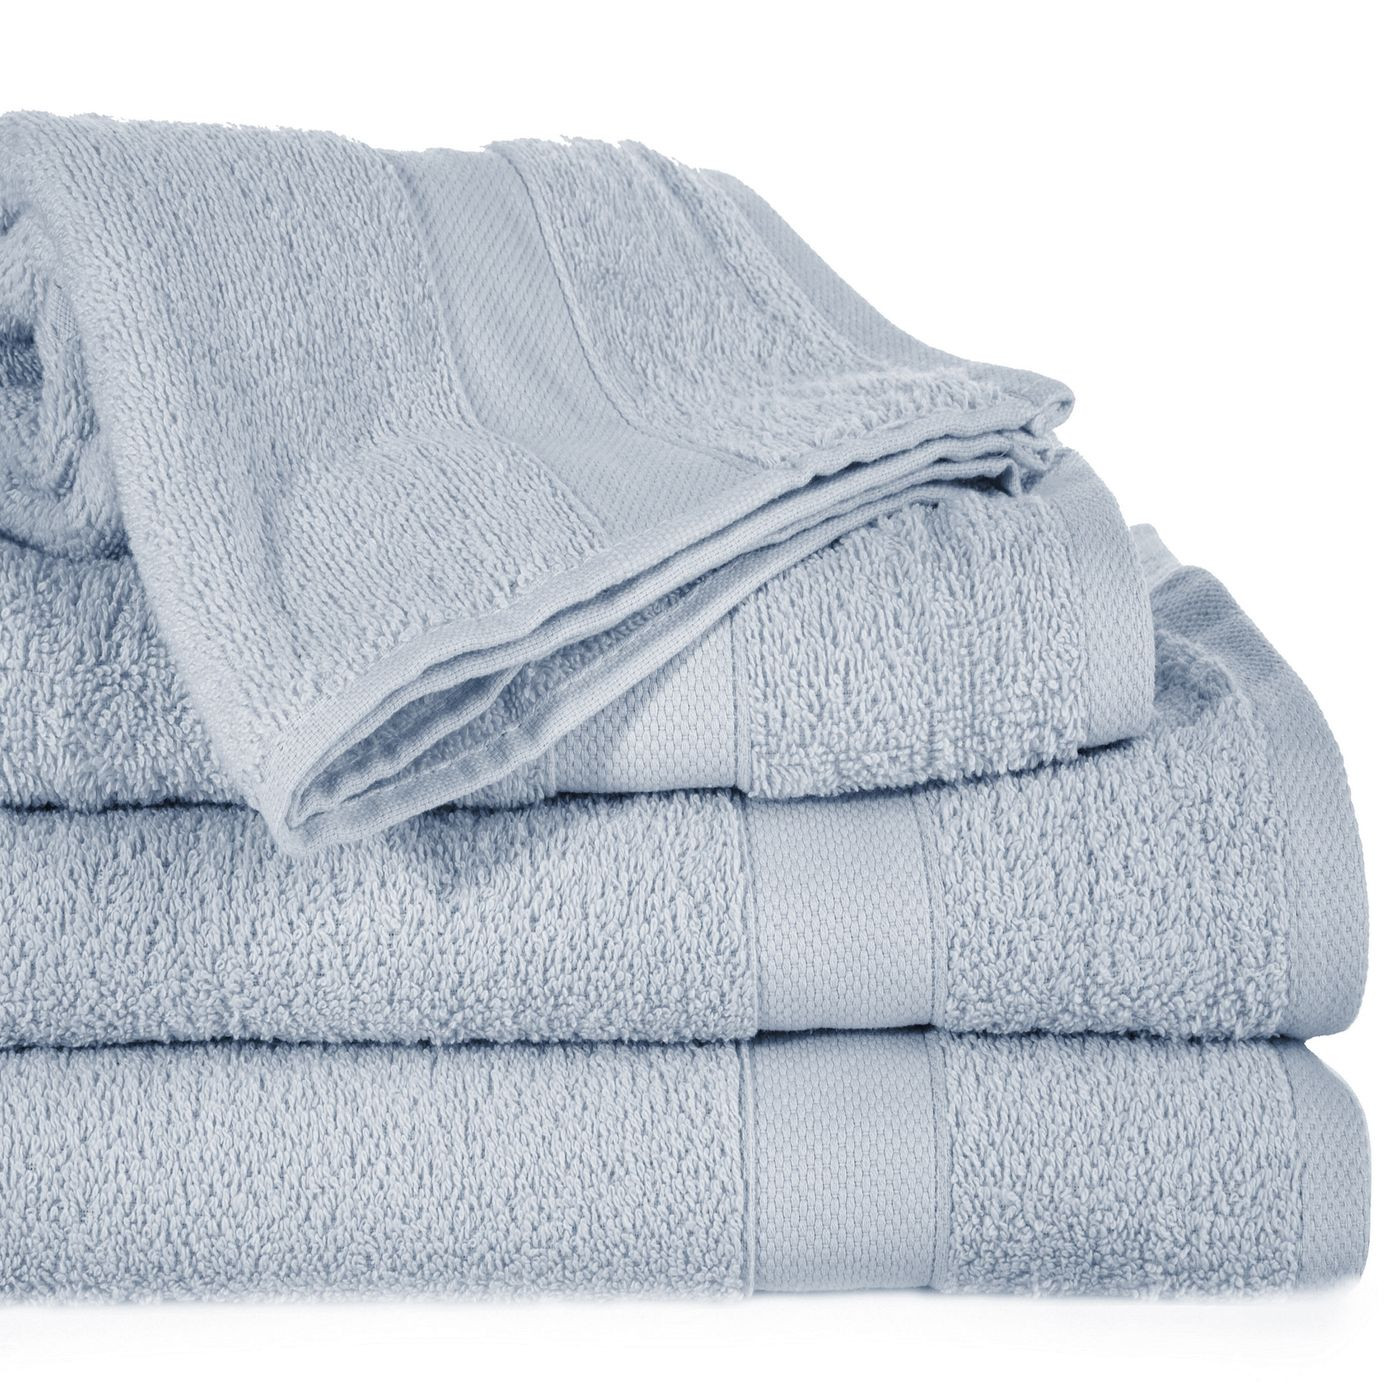 Miękki chłonny ręcznik kąpielowy srebrny 50x90
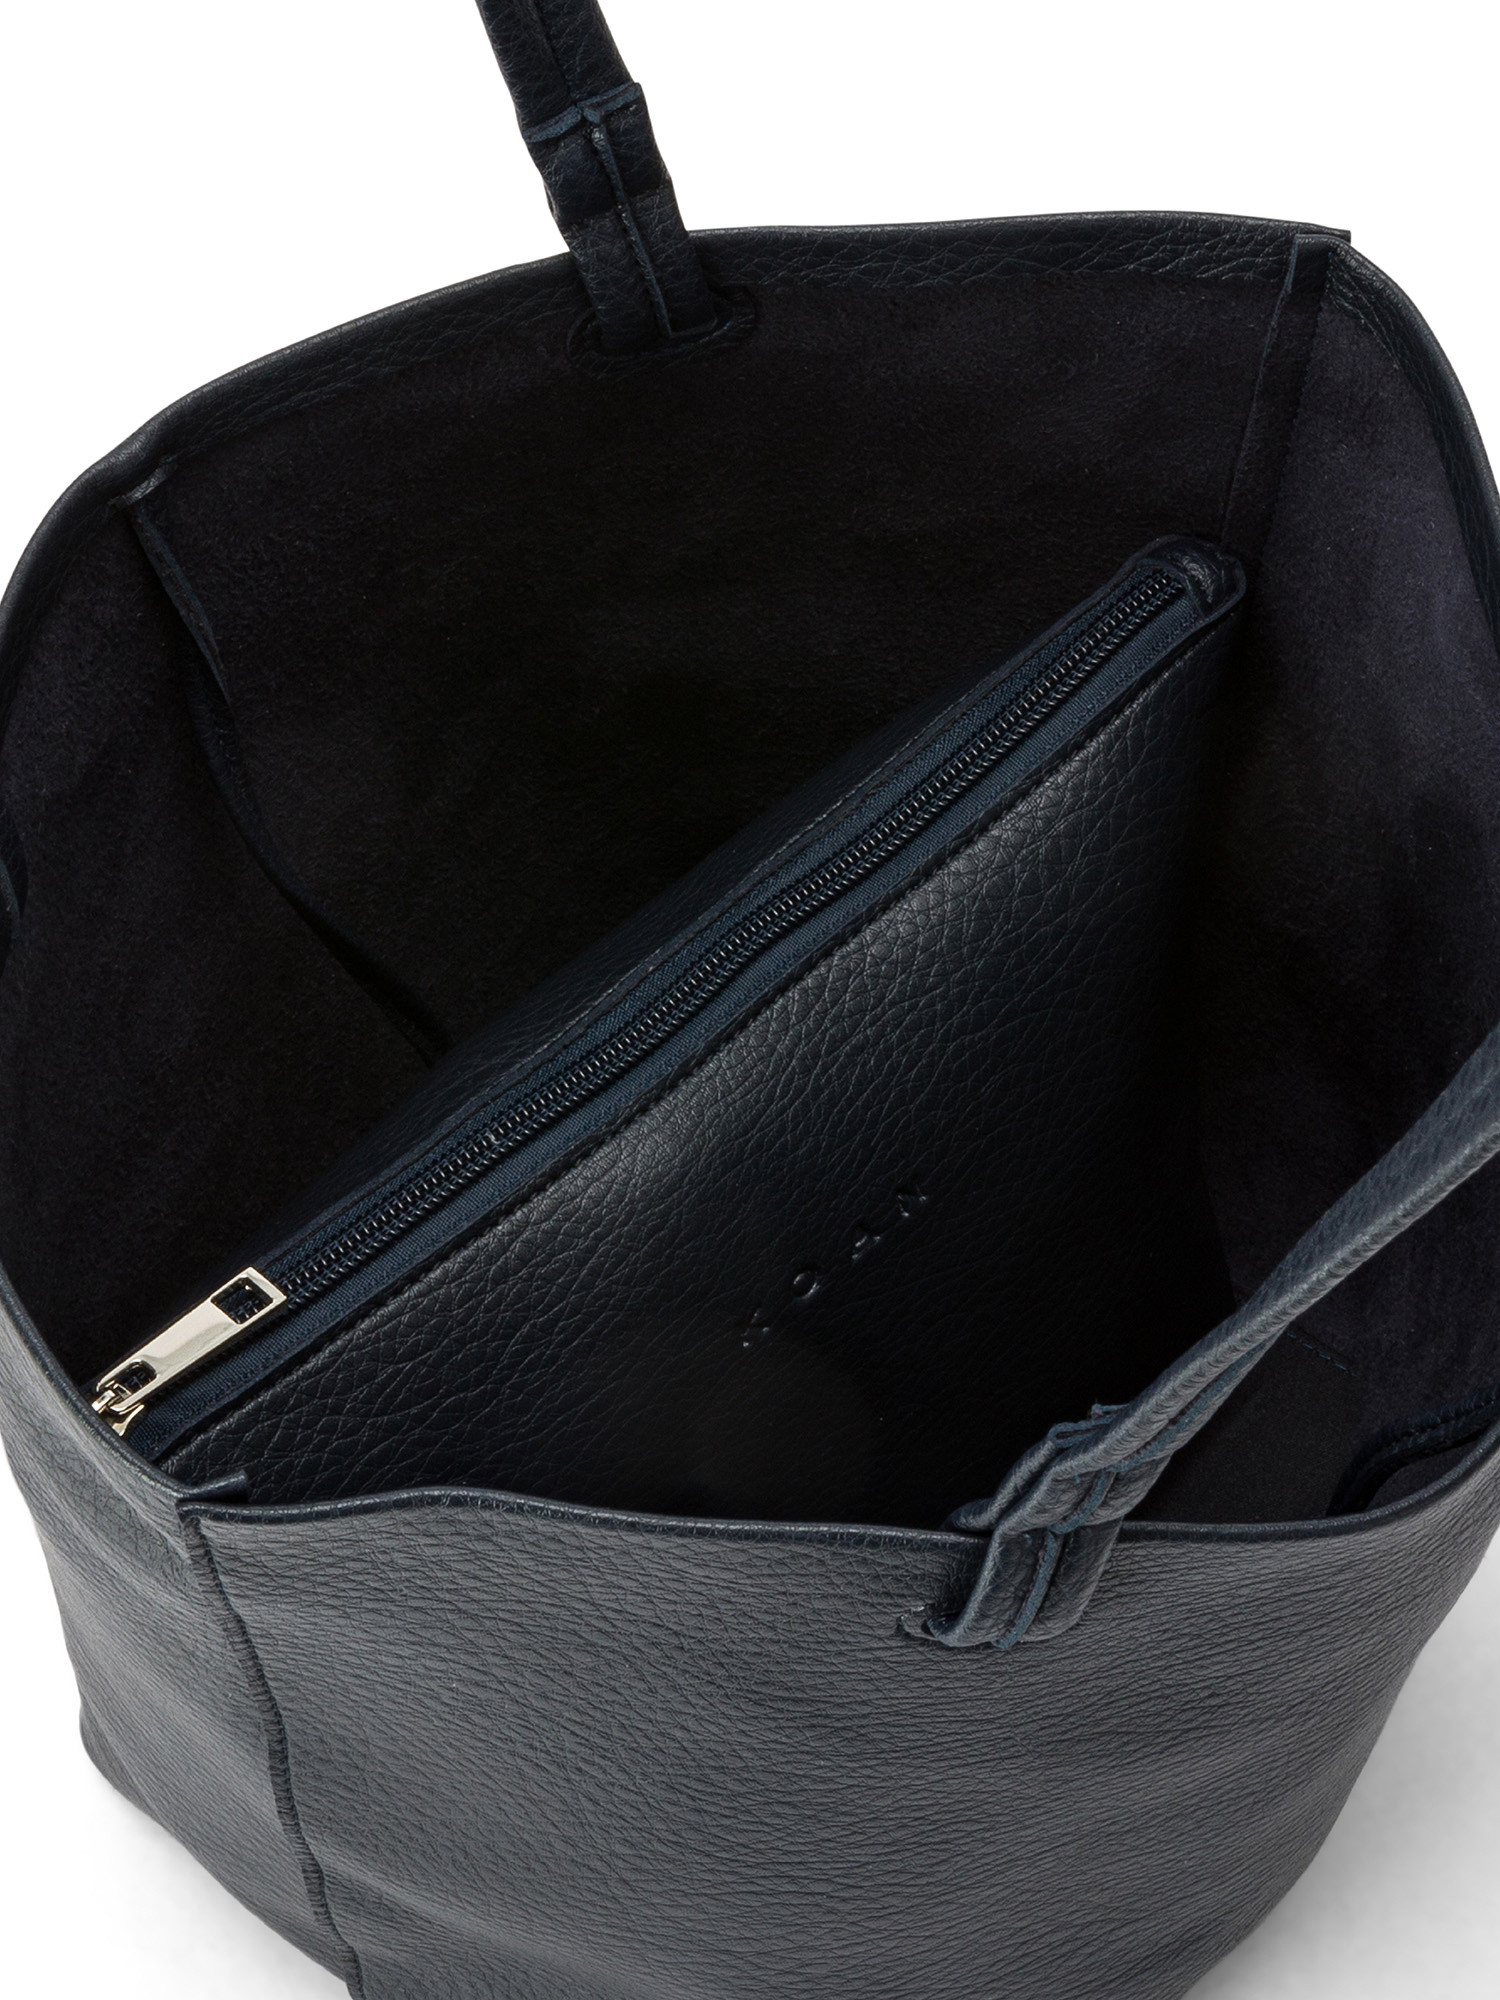 Koan - Shopping bag, Dark Blue, large image number 2
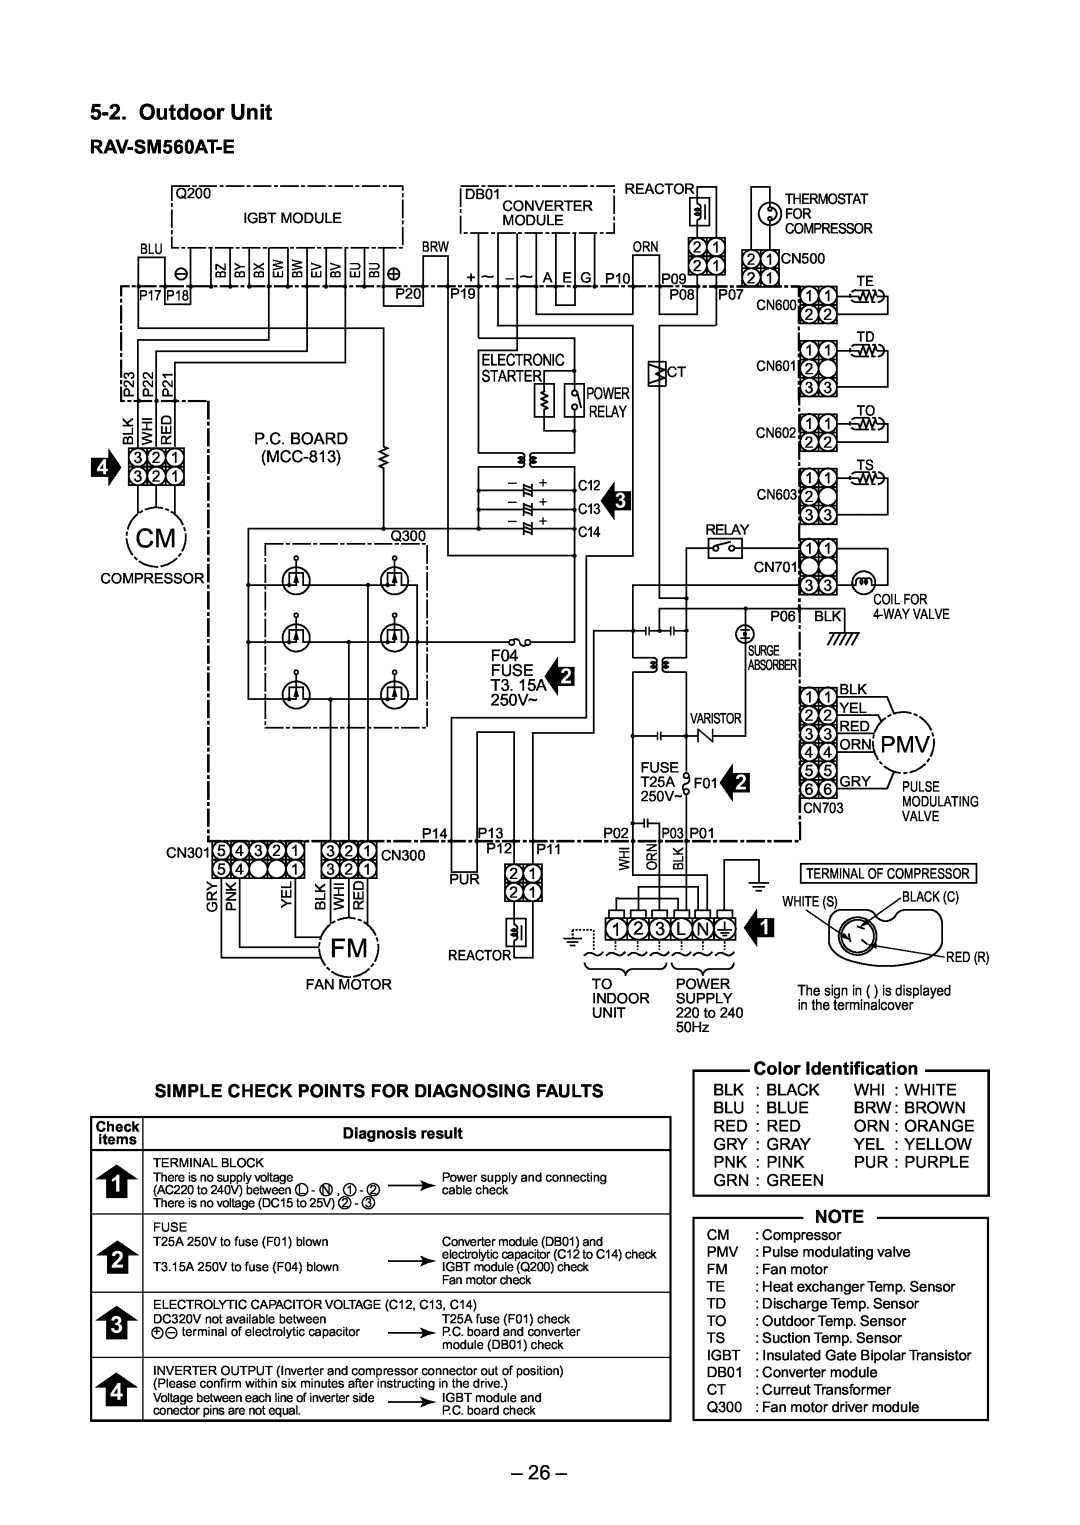 Toshiba RAV-SM560UT-E, RAV-SM800AT-E, RAV-SM800UT-E, RAV-SM560AT-E, RAV-SM560BT-E, RAV-SM800BT-E service manual Outdoor Unit, 26

## Exercise details
What you return must match the material above exactly, minus its pictures.

## Response to the task
 Miękki chłonny ręcznik kąpielowy srebrny 50x90
 Koan - Shopping bag, Dark Blue, large image number 2
 Toshiba RAV-SM560UT-E, RAV-SM800AT-E, RAV-SM800UT-E, RAV-SM560AT-E, RAV-SM560BT-E, RAV-SM800BT-E service manual Outdoor Unit, 26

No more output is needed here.